───── Supplied records ─────

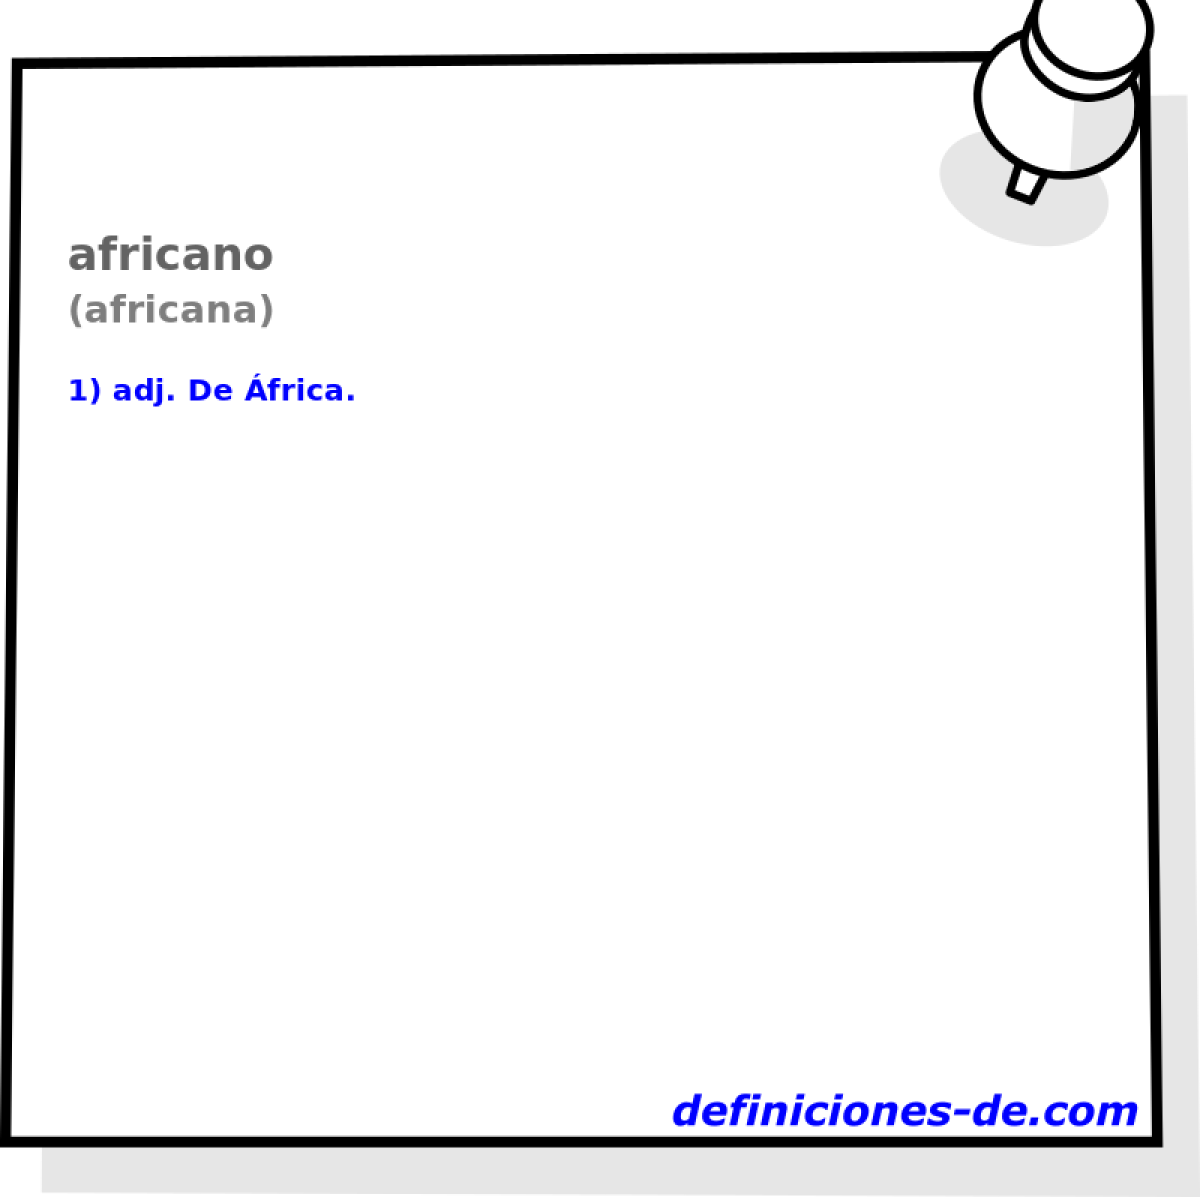 africano (africana)
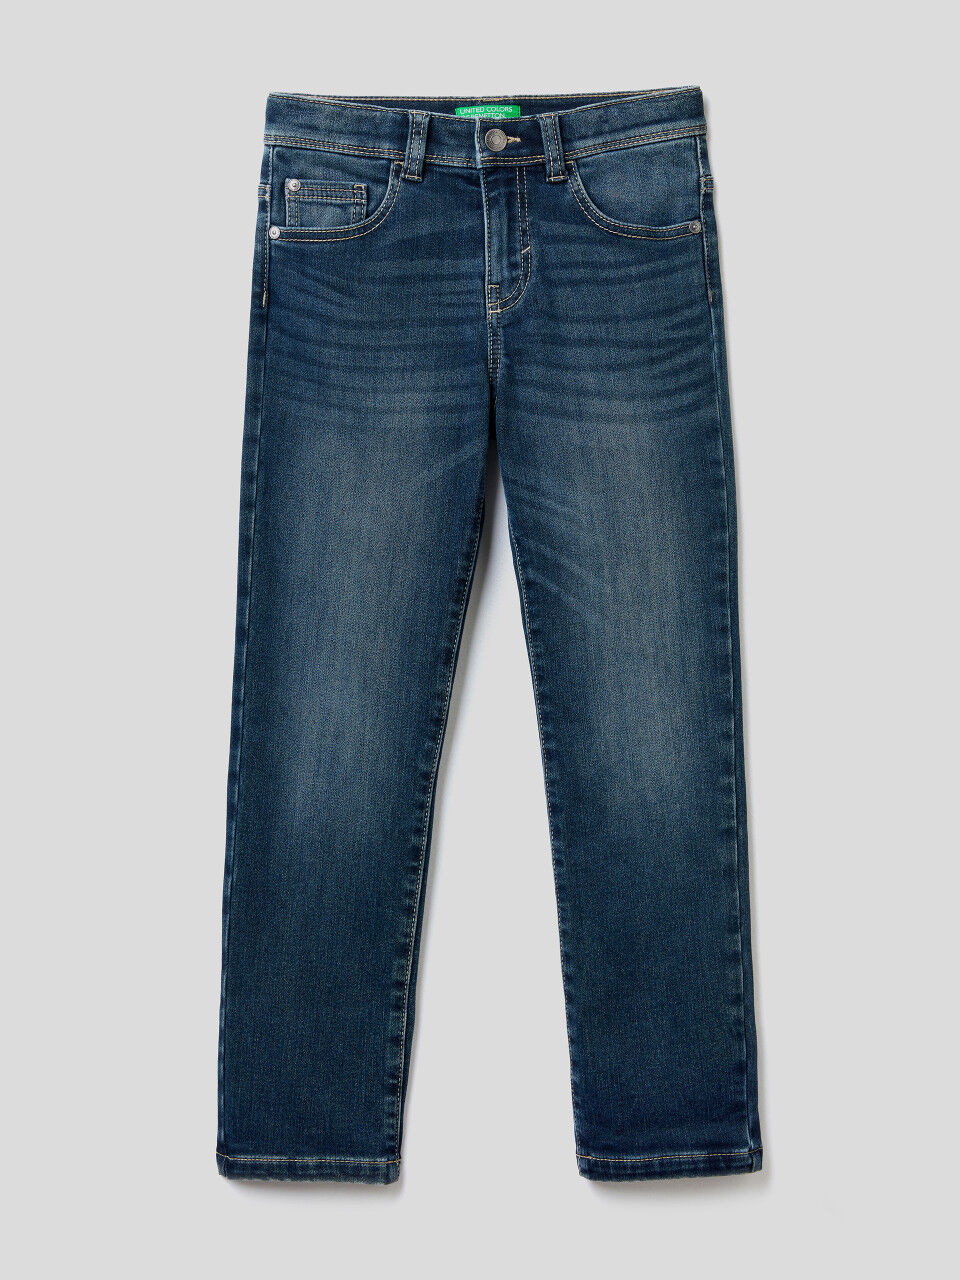 Jeans thermique coupe slim
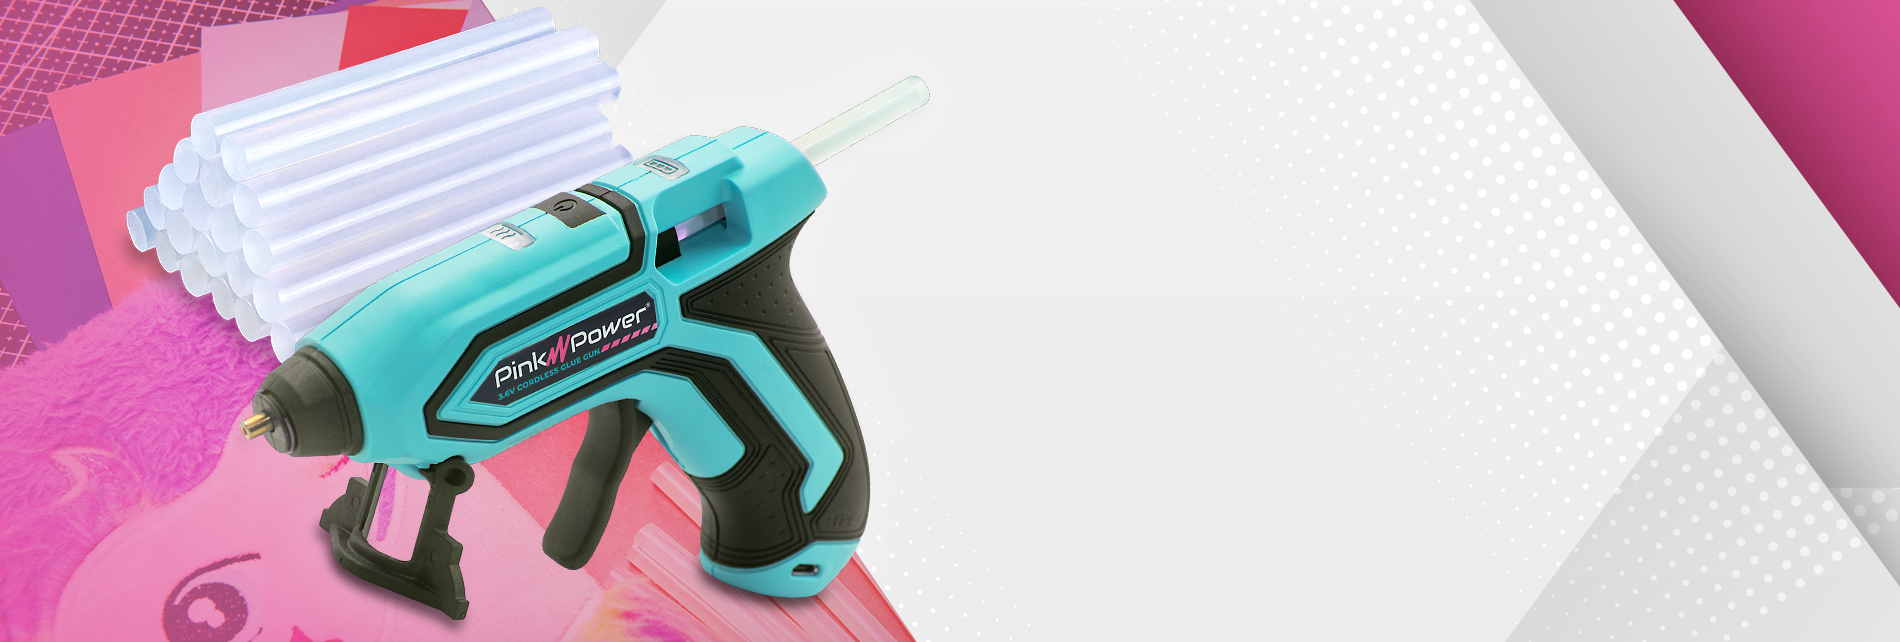 Cordless Glue Gun - AQUA SPLASH – Pink Power
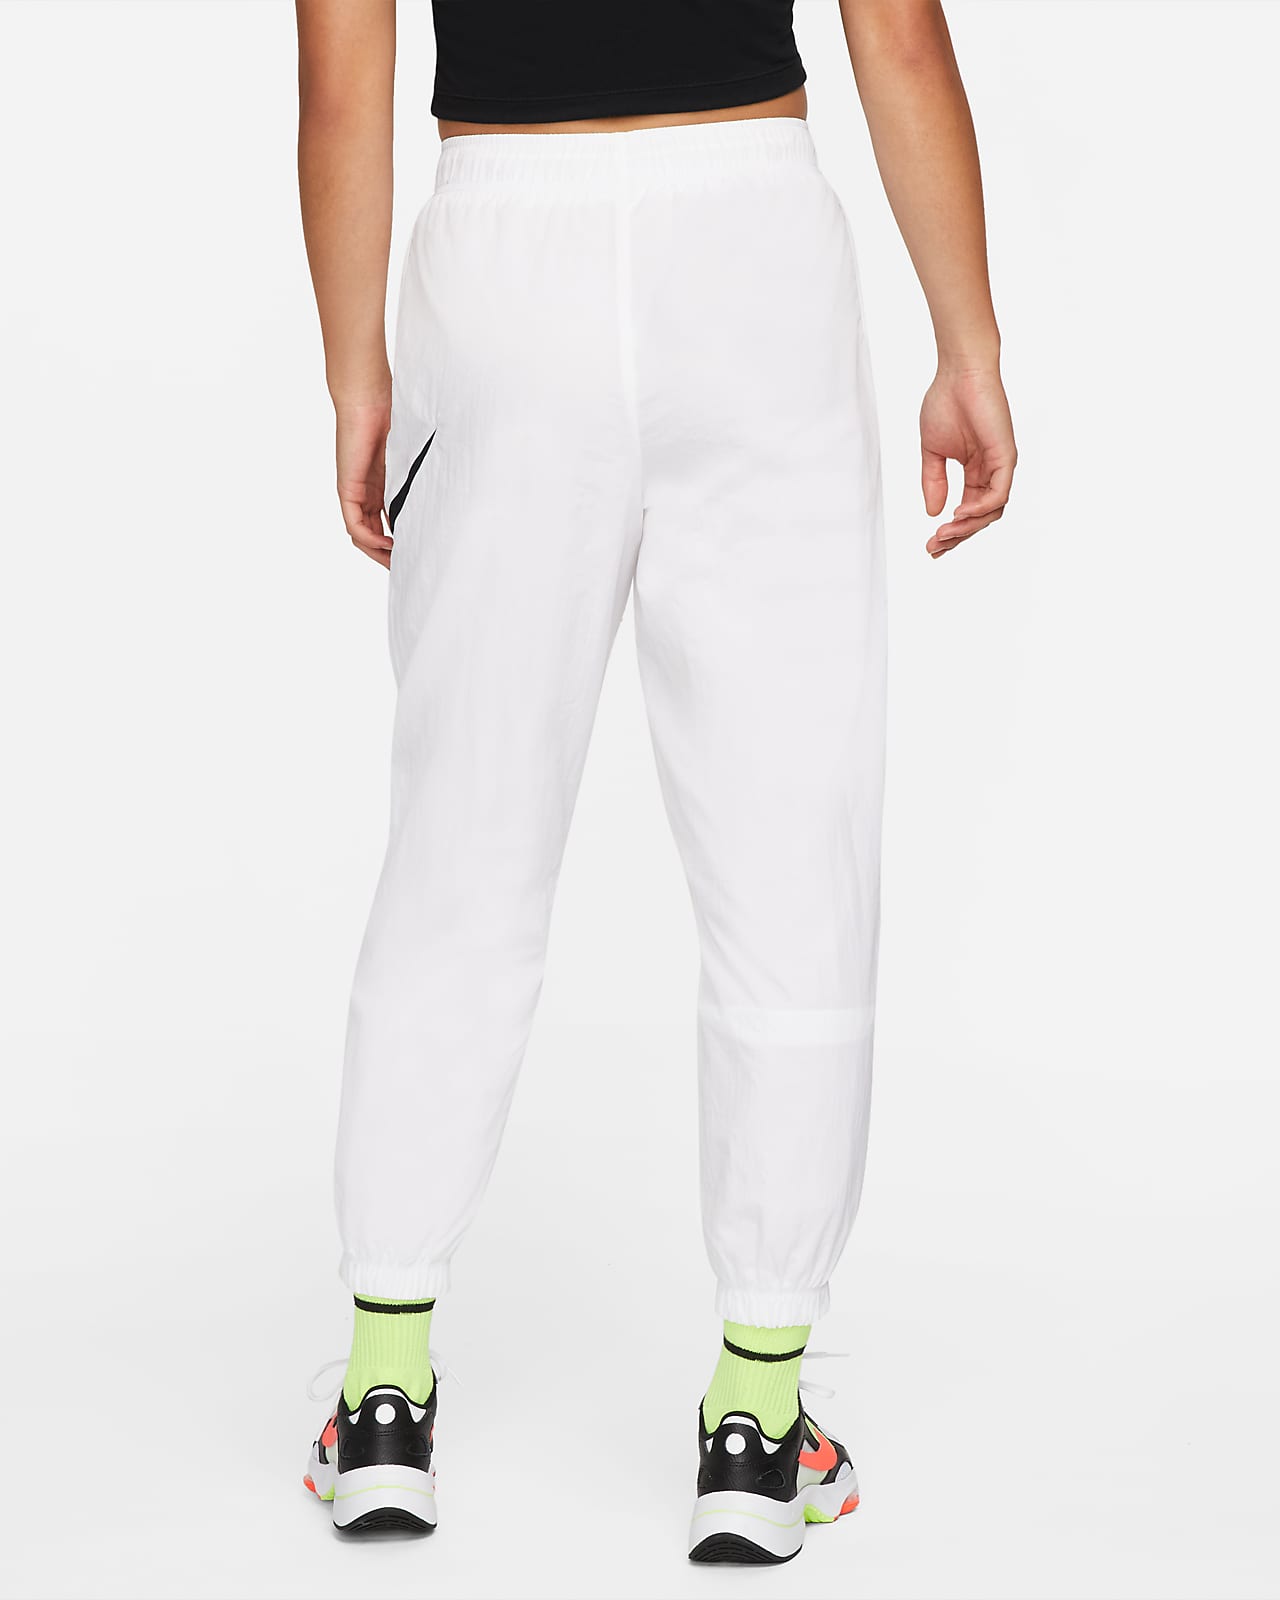 Buy now Wrogn Mens white slim fit midrise trousers WROGN by Virat Kohli  WQTR4003S
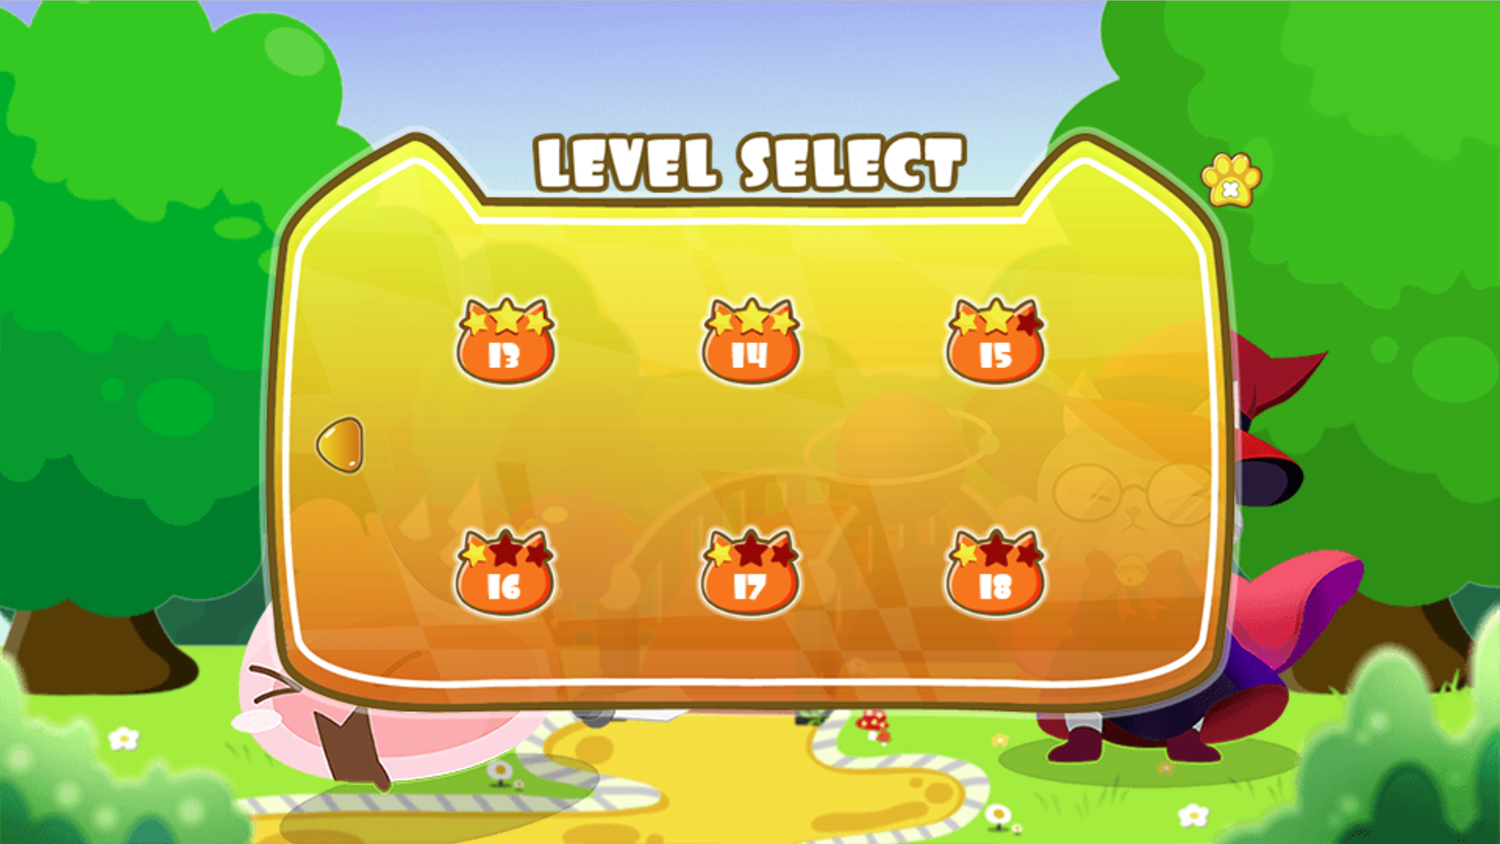 Cat Wizard Defense Game Desert Level Select Screen Screenshot.

─────

# [Work instructions]
Write every record out again exactly, omitting the pictures they hold.

# [Response box]
 africano (africana)
 Jeans thermique coupe slim
 Cordless Glue Gun - AQUA SPLASH – Pink Power
 Buy now Wrogn Mens white slim fit midrise trousers WROGN by Virat Kohli  WQTR4003S
 Cat Wizard Defense Game Desert Level Select Screen Screenshot.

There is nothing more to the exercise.